A few weeks later, I purchased my first road bike (excluding the 12-speed I owned when I was 12), a Giant OCR 1. I loved this bike the moment I tried it. It fit me like — to beat a dead metaphor to death — a glove. The Giant and I became great friends instantly. I was able to keep up with the ABC on their Thursday evening rides. My whole world changed. In October, I completed my second-ever two day ride — the first annual PVG tour sponsored by Hubbub Custom Bicycles (see the Upcoming Rides link list at side of this page).

Truthfully, my love of cycling can really be traced back to my childhood… But that’s another story all together…. maybe another time… The point is, my obsession has been slowly building over the last 6 years. And it all began with the MS 150.

The greatest thing about cycling is that its my own. When my husband was alive, he got me into hiking and backpacking. Together, we were members of the US Highpointers Club — a club where its members strive to climb the summit of all 50 US states. Dont get me wrong — I still love this hobby as well. And I will always love hiking, camping, and backpacking (especially “roughing it” in the woods). But these were things my husband brought to me. Cycling was always my idea. Cycling was something I built into an obsession in the aftermath of his death. It gave me focus, it helped me deal with the pain. I am sure had my husband not died, cycling would have still consumed my life… and he may have joined me, or he may have supported me (as he always did). But cycling is, and always has been, mine. It feels good to have something you know is uniquely yours, something that you discovered yourself. Especially in the aftermath of loss where it’s sometimes really hard to seperate the individual from the duality that was yours… (I’ve always described losing a spouse like trying to learn to walk again after a leg has been amputated.)
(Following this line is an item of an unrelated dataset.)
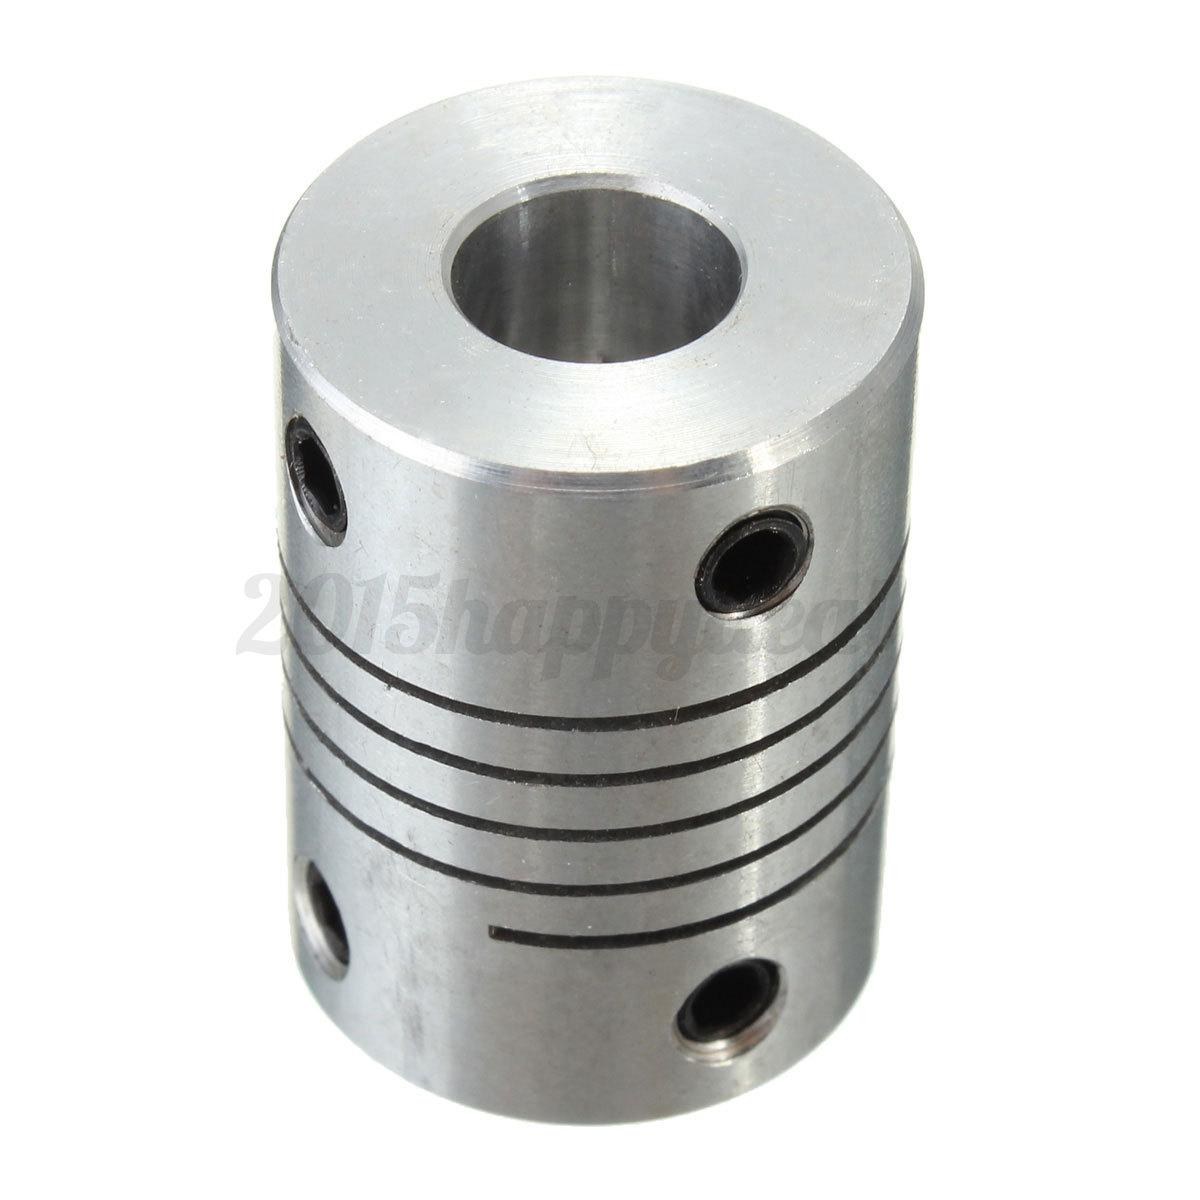 5 6 flexible shaft coupling rigid cnc stepper

Enough about the history… Now to the MS 150 2007…

This year, I officially signed up for the century route. Technically, I am signed up for both days of the century, but I told myself I only needed to repeat what I did last year, especially since that had been done on the hybrid. The little cocky road cyclist within me sniffed indignantly that there was no way I’d let a hybrid outshine my road bike. So I knew that I had to at least repeat the effort of 2006.
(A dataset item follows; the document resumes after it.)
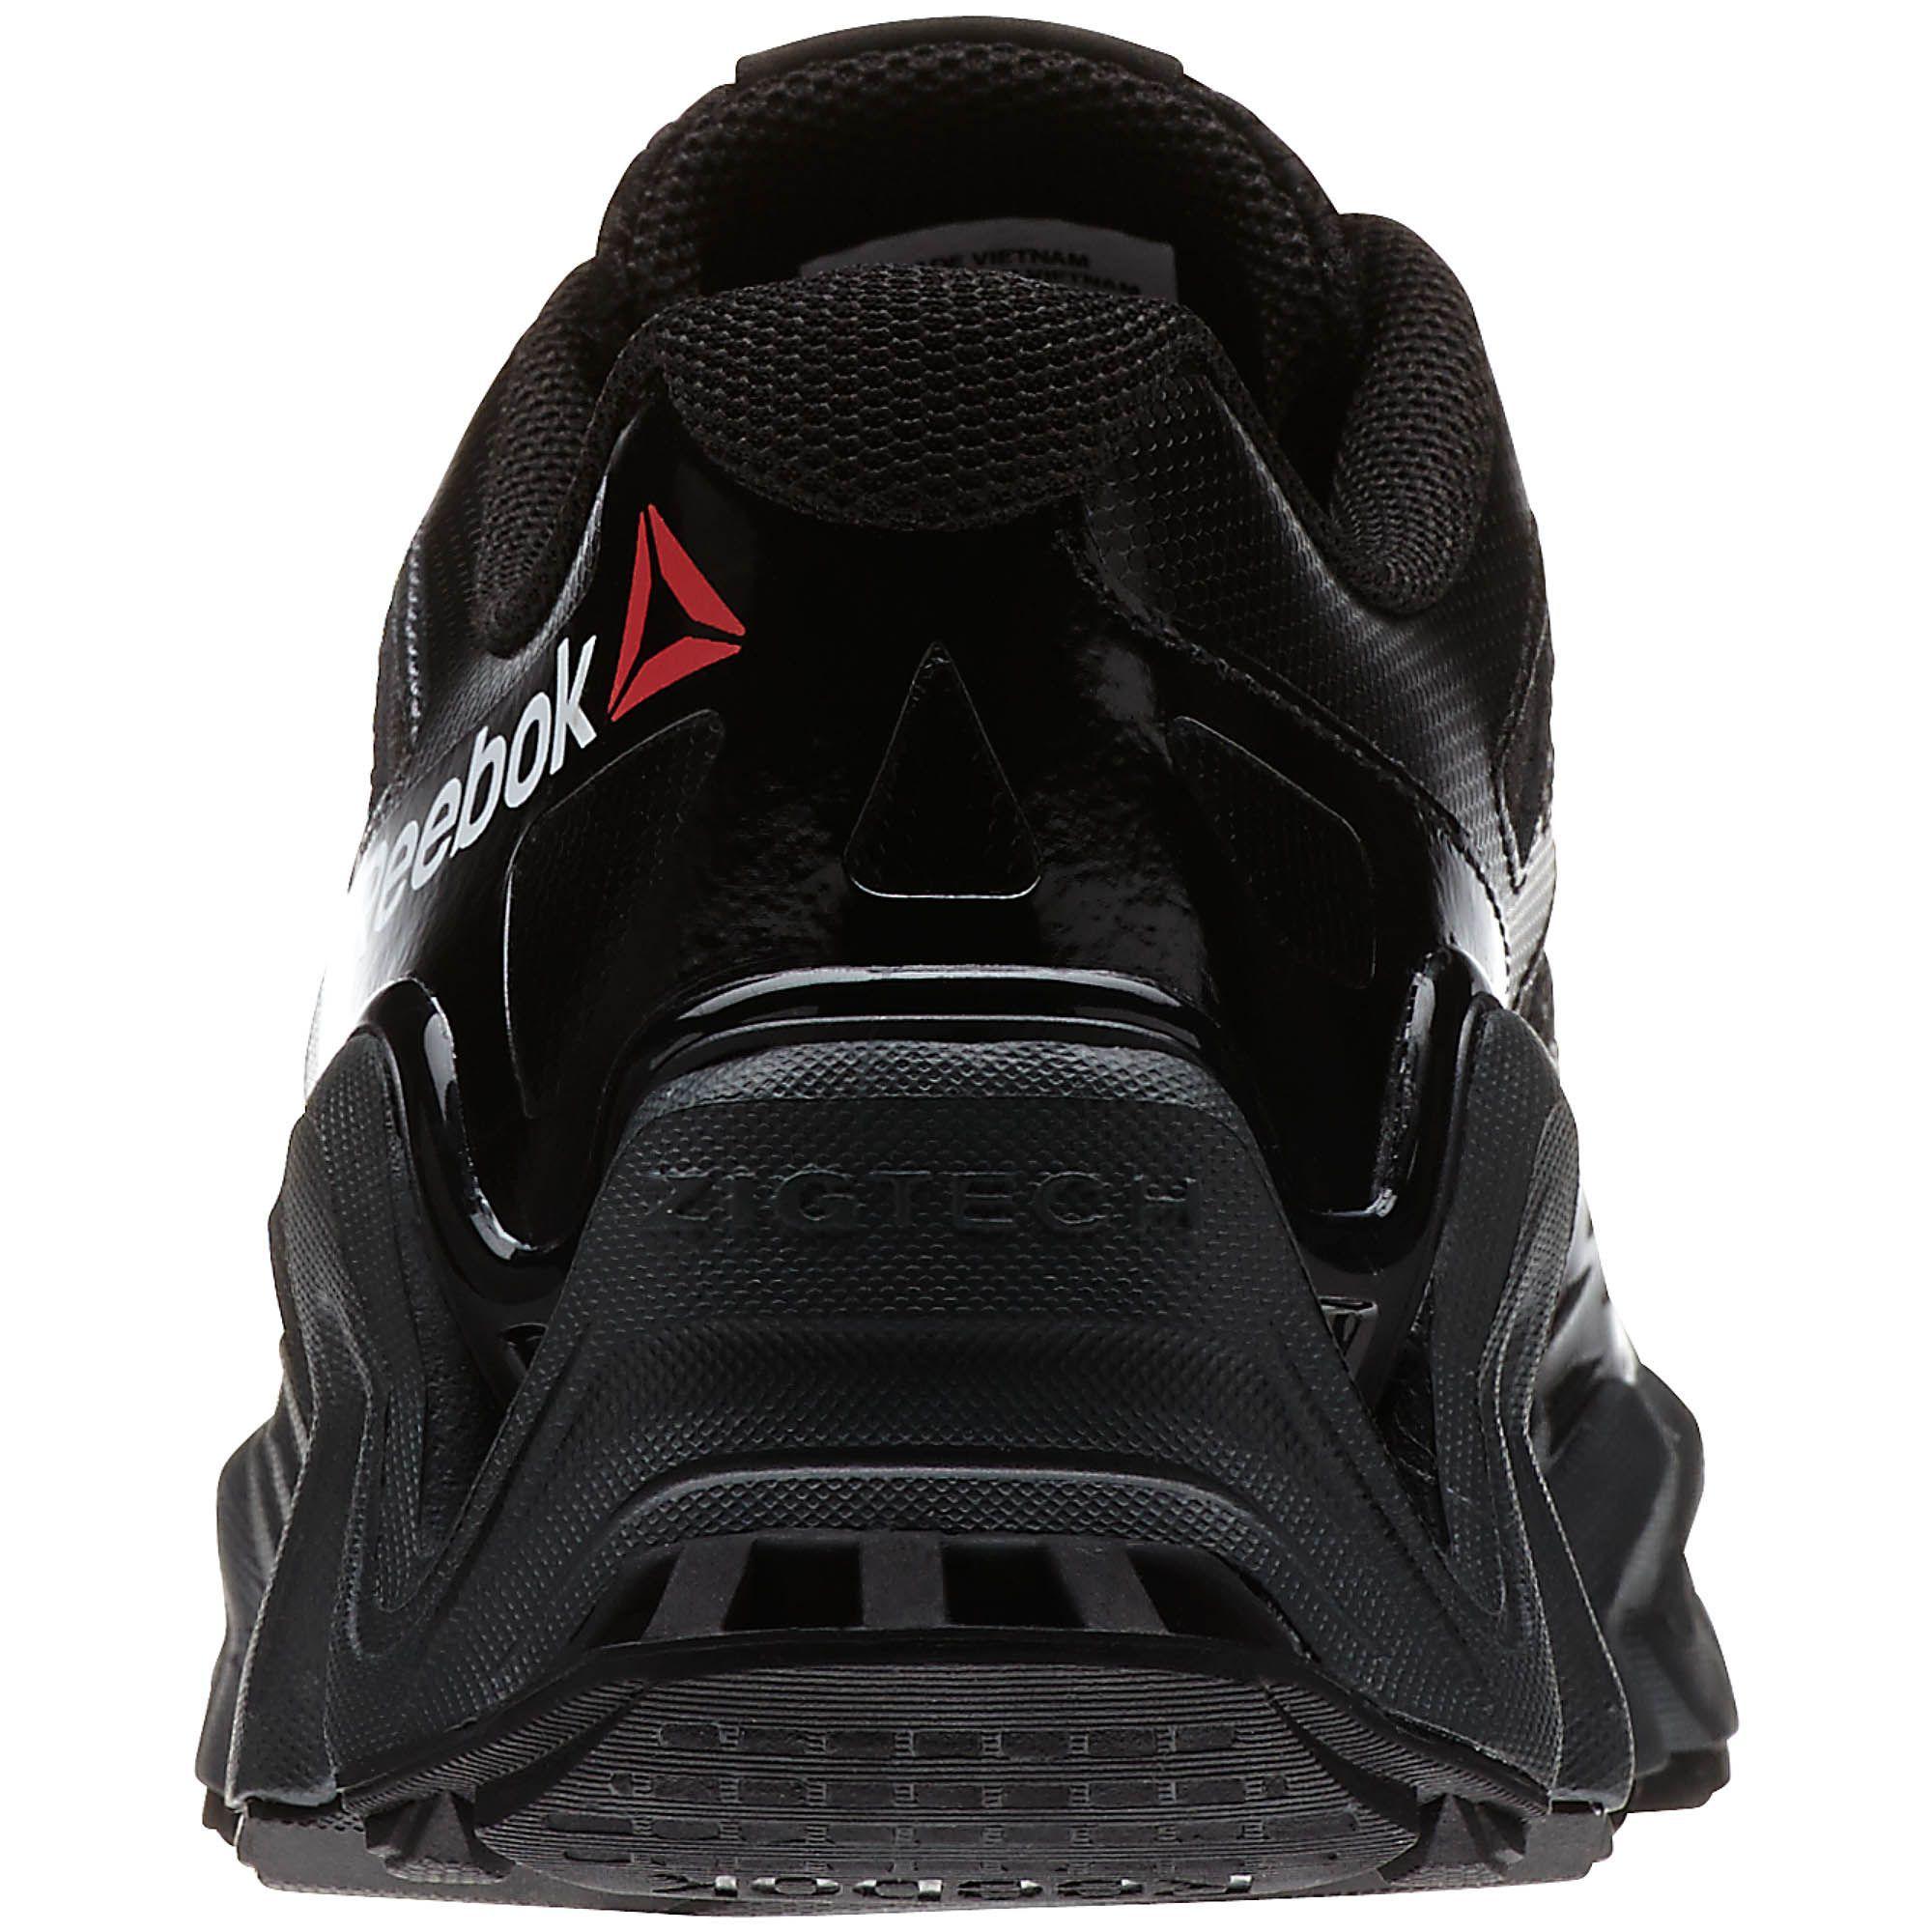 553f7debdf4e5 Reebok - ZigTech Big N Tough -   Sportswear (Nike, H/H, NF, etc ...

Saturday started off a little chilly, but this was welcome because the last two years had been pretty hot and sunny. I felt excited as I stood at the starting line for the mass start. There was energy in the air. I’m going to kick this hard, I thought, ignoring any warnings friends had given me earlier in the week about moderating my speed. After all, this is Toledo — flatland. I’d already ridden about 650 miles of my 850 this year in the hilly terrain of the Cuyahoga Valley. I was in better shape for this ride than I’d ever been previously. I was salivating. I could really do this. I was aiming for a 16mph average (since last year I completed it with 14 on my hybrid — surely my road bike would make that much of a difference.)

Of course, I always seem to forget about how windy it is in Toledo. But I obviously needed the sobering up. =)
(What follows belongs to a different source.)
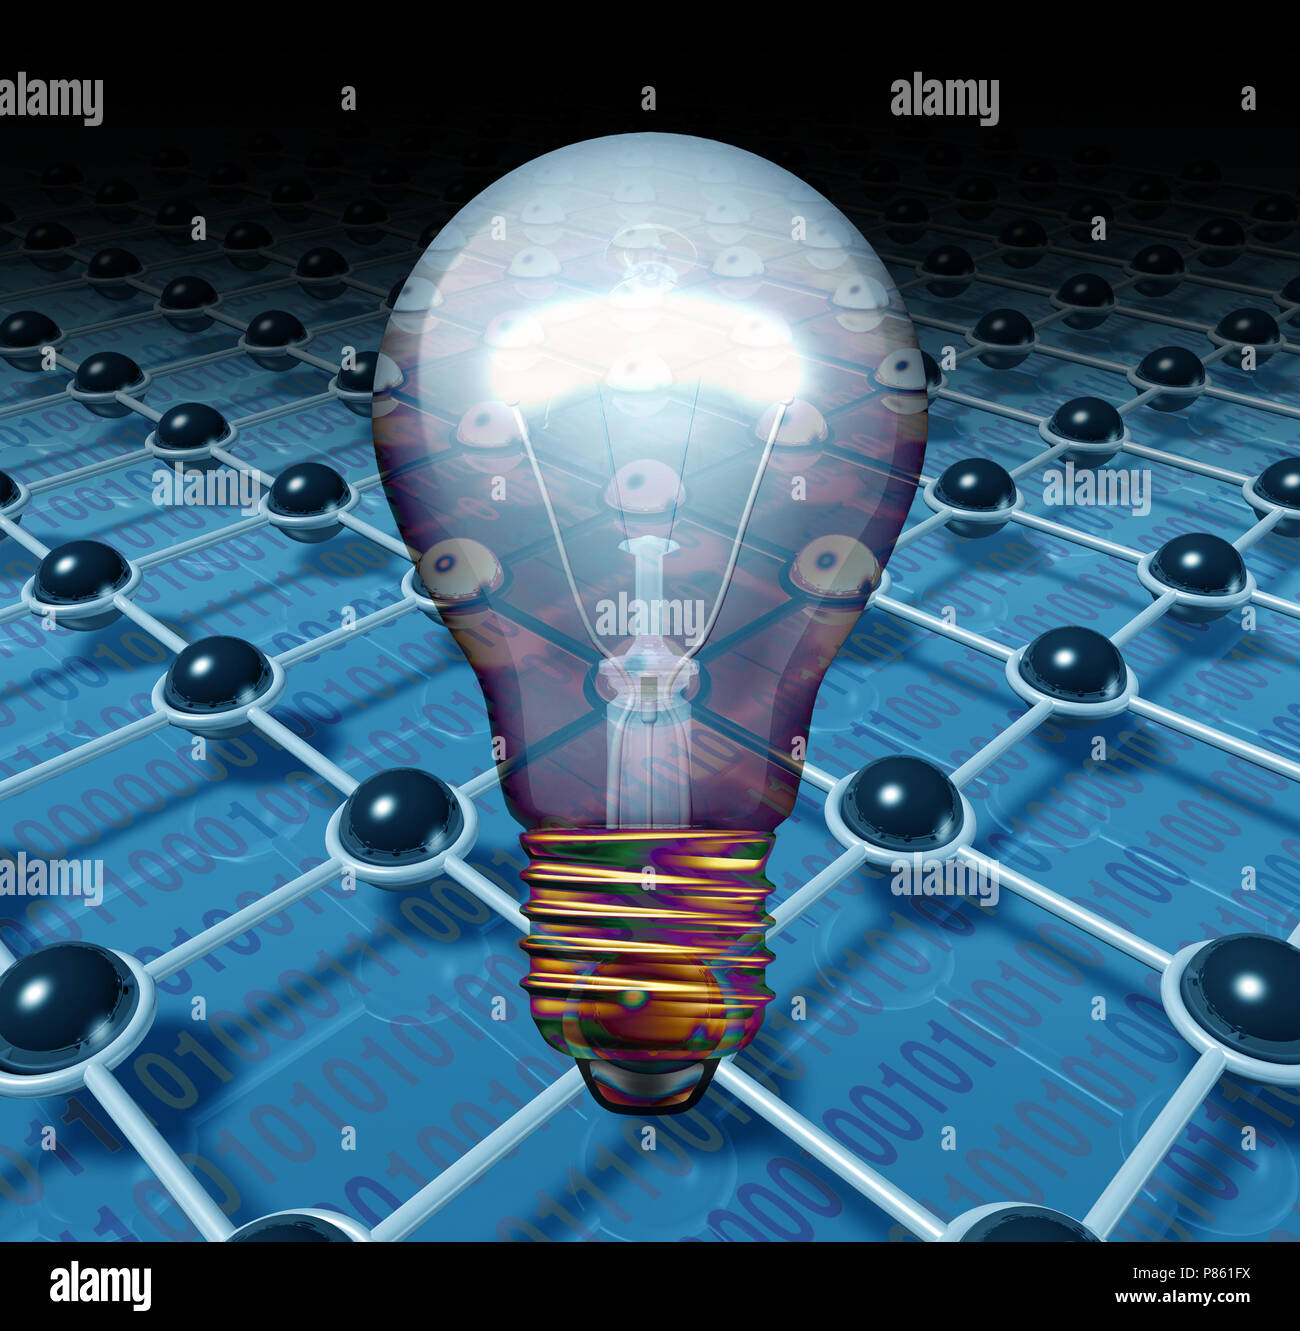 Solución de software Tecnología de futuro la idea creativa como un concepto abstracto como un símbolo de conexión3D Render. Imagen De Stock

At the 15 mile mark, I took the century divergence without hesitation. A group of cyclists made me feel a part of the century club by talking me into riding with them in their paceline. Ha. That lasted about 20 miles. They were averaging “only” (quoted) 18mph. I could keep up with them, but I realized quickly that I would not last 100 miles doing so. I’m not quite yet ready for pacelines. Riding really close to other riders like that kind of makes me nervous. I still haven’t quite figured out where I need to ride in order to ride in their “draft” either. Perhaps I need to read this article by Fred Matheny How to Ride in a Paceline. They need classes on this stuff!

(I got invited into a paceline that seemed to be moving my speed on Sunday as well, but I shied out. They told me I could keep up with them, but I didn’t believe them after my experience on Saturday.)

Well, what fun is it anyway, if I am not doing all the work? I won’t be able to eat as much when I finish! =) I bike to burn calories, too!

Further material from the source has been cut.